2024년 7월 24일

Jul 24, 2024

Llama 3 405B 모델 공개와 함께 기대했던 테크니컬 리포트가 나왔다. Llama 2 리포트보다 훨씬 더 많은 정보가 포함되어 있어 굉장히 흥미롭다.

1. 프리트레이닝

웹 데이터 전처리에 대해 비교적 상세하게 기술하고 있다. 자체 개발한 Main Content Extractor를 사용했다. 전체 데이터에 대한 Deduplication을 수행했다고 하는데 Global Deduplication을 시사하는 것인지 궁금한 점이 있다. 추가적으로 CCNet 스타일의 Line Deduplication으로 Boilerplate를 추가 제거. C4/Gopher 스타일 휴리스틱 필터와 (아마도 LM 기반의) 텍스트 분포에서의 아웃라이어들에 대한 필터링도 사용.

Wikipedia를 레퍼런스로 잡은 fastText, Llama 2 예측 기반의 DistilRobert 분류기로 퀄리티 필터링.

DeepSeek 스타일의 수학과 코드 도메인에 특화한 웹 페이지 추출.

분류기를 사용해 웹 데이터의 도메인을 분류하고 Scaling Law 추정을 통해 데이터 믹스를 결정. 일반 지식 50%, 수학 및 추론 관련 25%, 코드 17%, 다국어 8%.

고품질 데이터로 학습 최종 단계에서 Annealing 적용. 역으로 Annealing을 사용해 데이터셋의 퀄리티를 검증하기도 함.

문서 간 Attention을 차단하기 위한 마스킹 적용. Long Context 추가 학습에 유용했다고 언급. Polyak Averaging도 적용.

다운스트림 과제에 대한 Likelihood에 대해 Scaling Law를 추정한 다음 Likelihood와 과제에 대한 스코어의 함수를 추정하는 방식으로 다운스트림 과제에 대한 Scaling Law를 추정.

Pipeline Parallel의 배치 크기 제약을 완화하고 Ring 대신 All-Gather 기반 Context Parallel을 사용.

2. 포스트트레이닝

Reward Modeling에서 시작해서 Rejection Sampling으로 생성한 데이터로 SFT를 하고 DPO를 하는 흐름. 즉 PPO를 쓰지 않고 SFT 단계에서도 모델 생성 데이터가 주축이 된다.

포스트트레이닝 데이터에 대해서는 강하게 퀄리티 컨트롤을 했다. 수작업으로 데이터를 필터링하고, 모델 기반의 퀄리티 필터링과 난이도에 따른 비율 조정, 그리고 Semantic Deduplication을 적용.

포스트트레이닝 시점에서는 각 도메인에 대해 특화된 데이터 구축 작업들을 진행했다.

2.1. 코드

코드 특화 모델을 구축하는 것에서 시작. 레포 레벨 데이터도 활용했다. 컴파일러 피드백과 모델로 생성한 유닛 테스트를 사용한 피드백을 사용해 데이터를 개선하고 학습.

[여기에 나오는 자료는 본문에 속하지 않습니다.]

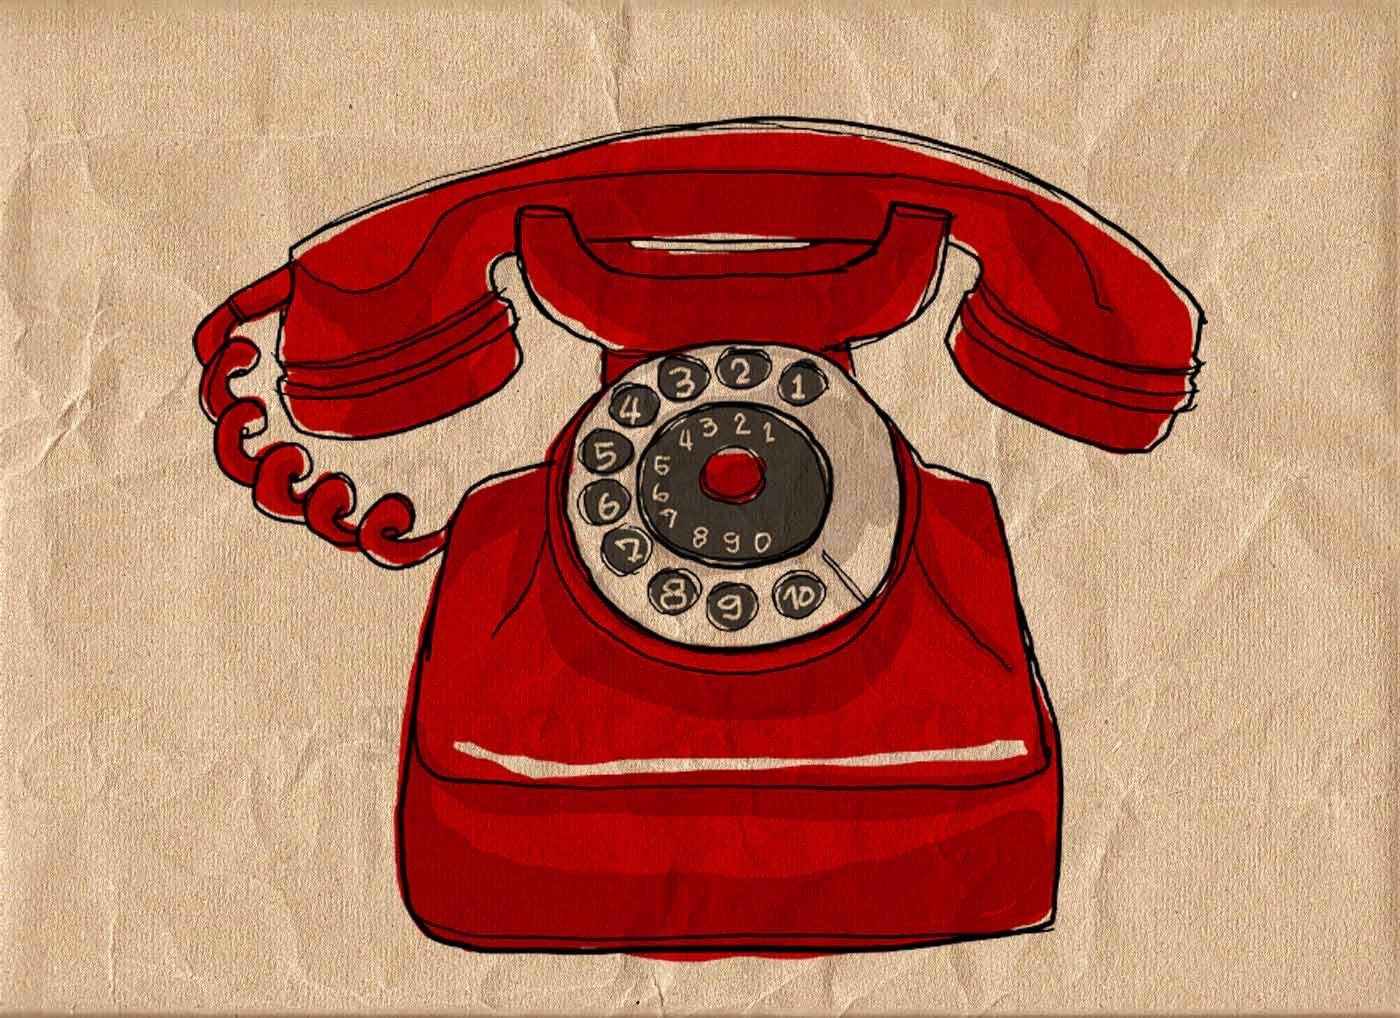 Old Red Telephone Digital Image Sheet Original Illustrate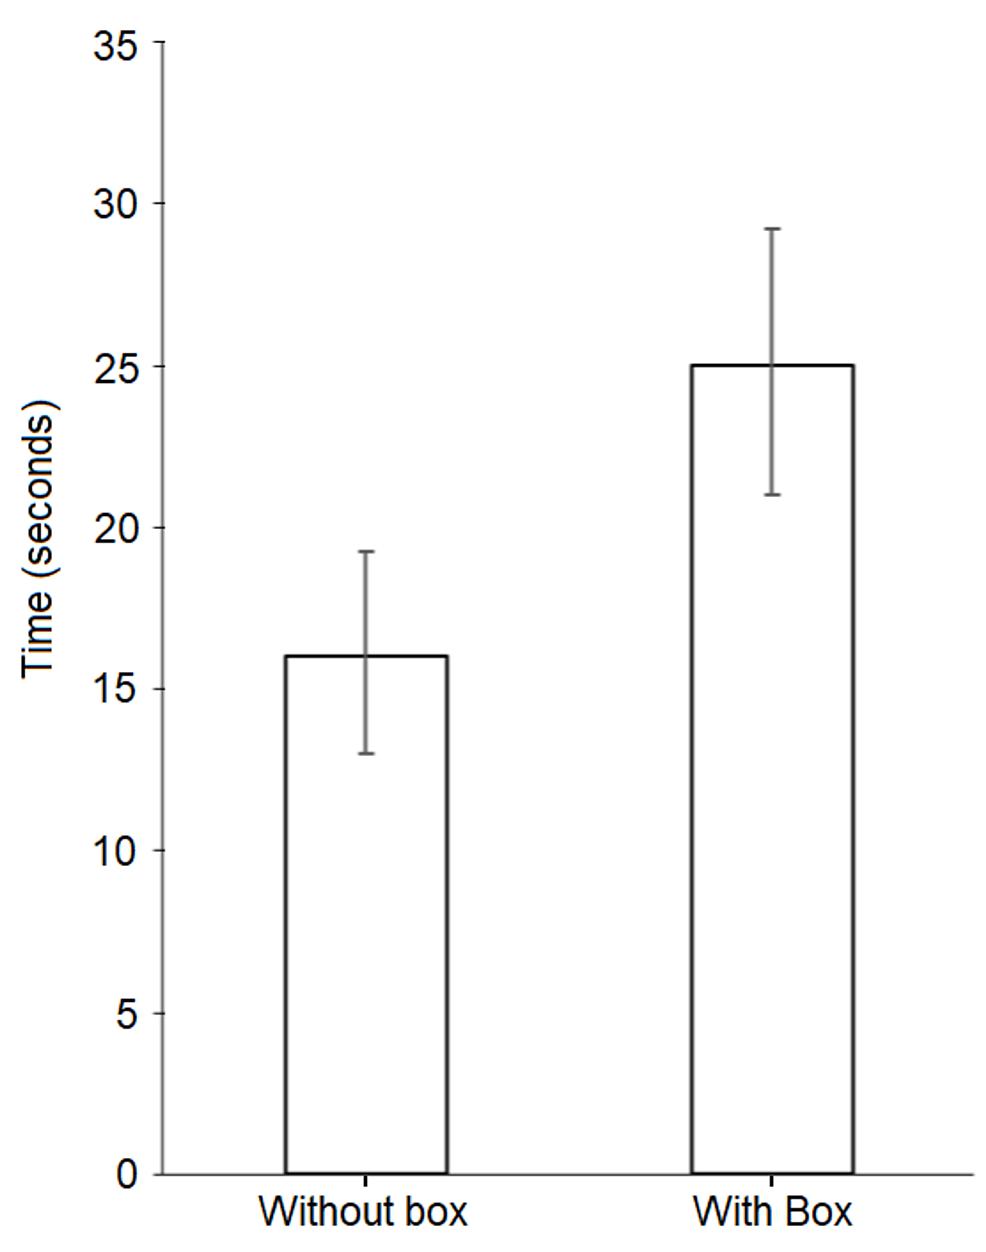 Column-chart-of-median-intubation-times

서로 다른 프로그래밍 언어간 번역, 코드 설명, 생성, 문서화, 디버깅 등의 과제에 대해서 모델이 응답을 생성하게 한 다음 원 코드로 Backtranslation을 하게 하고 출력 결과의 퀄리티를 사용해 필터링.

2.2. 다국어

다국어에 대해서도 특화 모델을 학습. NLP 데이터셋과 사람이 작성한 프롬프트를 사용하고 Rejection Sampling을 적용한 다음 룰 기반 퀄리티 필터링. 기계 번역은 의도적으로 제외하려고 노력.

2.3. 수학

프리트레이닝 데이터와 사람을 통해 프롬프트를 구축. 모델로 CoT 응답을 생성한 다음 모델 기반으로 검증. Process Reward Model을 사용해 필터링하고, 어려운 문제의 경우에는 MCTS와 Process Reward Model을 사용해 응답을 생성.

2.4. 추론

텍스트와 코드를 사용해 추론 문제를 풀도록 학습. 코드 실행 피드백을 사용하고 잘못된 생성 결과를 모델을 통해 오류를 교정.

2.5. Long Context

긴 문서를 청킹한 다음 각 청크에 대해 QA를 생성하고 합치는 전통적인 방식에 마찬가지로 청크에 대해 요약한 다음 이 요약을 요약하는 방법을 사용. 파이썬 코드에 대해 Dependency Sorting을 하고 가장 많이 참조된 파일을 지운 다음 이 파일의 코드를 생성하도록 하는 방법도 사용.

2.6. 도구 사용

웹 검색, 파이썬 인터프리터, Wolfram Alpha에 대한 도구 사용 능력을 학습시켰음. 이쪽은 사람이 직접 데이터를 작성하는 방식. 다만 합성 데이터를 사용해 기본적인 도구 사용 능력을 습득시킨 다음에 시작.

2.7. Factuality

프리트레이닝에서 문서를 가져와서 질문을 생성하게 한 다음 응답을 샘플링. 문서와 응답을 통해 Llama 3 기반으로 정확성과 정보의 품질을 평가. 지속적으로 오답이 발생하는 경우에는 Refusal을 생성.

2.8. Steerability

어노테이터들이 시스템 프롬프트를 만들게 한 다음 대화를 진행하고 어노테이션을 하도록 함.

2.9. Safety

어노테이터를 통해 Adversarial 프롬프트를 구축하고 Automatic Red Teaming도 적용.

3. 비전, 오디오

비전의 경우에는 이미지 인코더에 대한 Cross Attention, 오디오의 경우에는 인코더 출력을 모델 입력으로 바로 Projection.

소감

웹 데이터 처리는 높은 차원에서는 현재 정석적으로 여겨지는 방법들을 채택. DeepSeek 스타일의 코드 및 수학 도메인 데이터 발굴이 중요한 수단이라는 것이 재차 검증됨. 추가적으로 Scaling Law를 사용한 데이터 믹스 결정 등 체계적인 방법도 흥미로운 지점.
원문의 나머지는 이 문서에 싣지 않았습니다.